As a jeweller, William must have been successful, at least in middle life, using the skills of his hands in the way of Birmingham craftsmen, ‘to make a guinea from a copper kettle’. Competition was intense and the children were used to run errands and deliver in the evening packets to customers who had ordered only that morning. But William contracted consumption and though he worked till his eyes grew sore and his body was shaken with coughing, he died at fifty-six of exhaustion due to phthisis. Emily was with him when he passed away at 33 Victoria Buildings, New Spring Street. His wife Sarah died in 1905 in Lench’s Trust Almshouses in Ravenhurst Street.  

It was to William Whatmore in all probability that the family owed their Nonconformity and their love of music. William’s son, William James (Will) was captivated by the thread of melody brightening the dingy streets of his birth, and music became the mainspring of his life. Though he was apprenticed as a jeweller (at Alldays in Warstone Lane), Will aimed to earn at least a part of his living from his musical talent. As a cautious young man, he kept two strings to his bow, combining professional musicianship with the craft of jewellery to keep body and soul together when the pupils were slow in paying. At twenty-two his greatest desire was to own a piano and he mortgaged his income for months ahead to buy one, a lovely rosewood and fluted velvet instrument.  

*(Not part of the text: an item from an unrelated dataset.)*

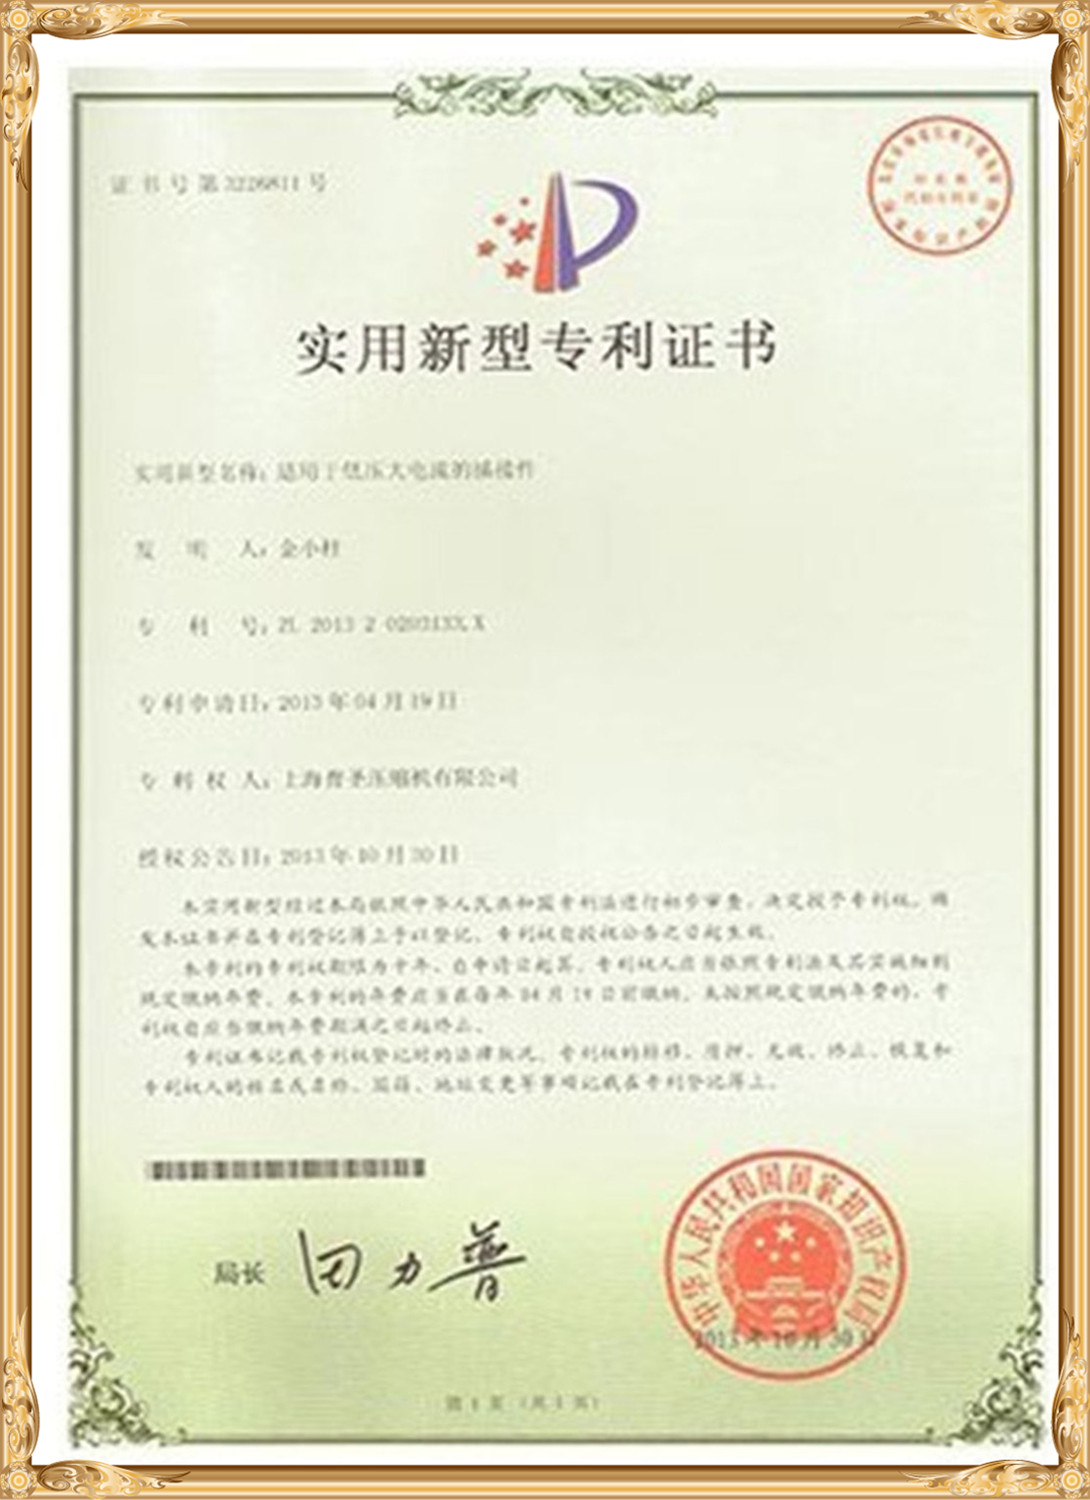 Testen & Certificaten (7)

William James Whatmore became resident organist at the Baptist Church Highgate and then at Harbourne Wesleyan Church. The week was taken up with pupils for the violin and the piano at the front of the house, with the back bedroom devoted to making up jewellery between lessons. Before machinery killed it, the business enjoyed a further run of prosperity  with the mounting of medals and badges during the First World War.  William James Whatmore’s  father had died and Will was living at home with his mother when his life was brightened beyond belief by the appearance of Mary Higgs, a girl half Irish whose large family had moved from London to 135 Moseley Street, where they kept an upholstery business. These two did their courting in Sutton Park, not far on the tram from Aston, and Will married in 1881 from Emily’s
house in New Spring Street. (Mary was living at 202 Victoria Road). 
 

Will’s trade as a jeweller made in necessary for him to live in Hockley and they never moved far from its familiar pavements: they rented first a house in Frederick Street, then moved to 45 Hockley Hill, followed by long residence in an early Victorian house at 6 Monument Road.  William James and Mary Whatmore had more than their share of bereavements. Their first son, William Roe, a Higgs family name, died at five years of age. Kathleen Mary, their daughter, was a talented gentle girl in whom they took great pride as a teacher. She married Will Aston, a Baptist minister, and went to live in a chill granite house in Spennymoor, County Durham. She died of consumption within two years of her wedding and her baby, nursed after her mother’s death by Mary, her grandmother, scarcely reached a full year of life. Will Whatmore died in his sleep in 1926. His greatest gift to his son Reginald Whatmore, Geoffrey’s father, was to pass on his love of music, which sustained him and even seemed to grow stronger when there was little else left at the end of his life.

Most of these Whatmores lie together now in a leafy corner of Witton Cemetery.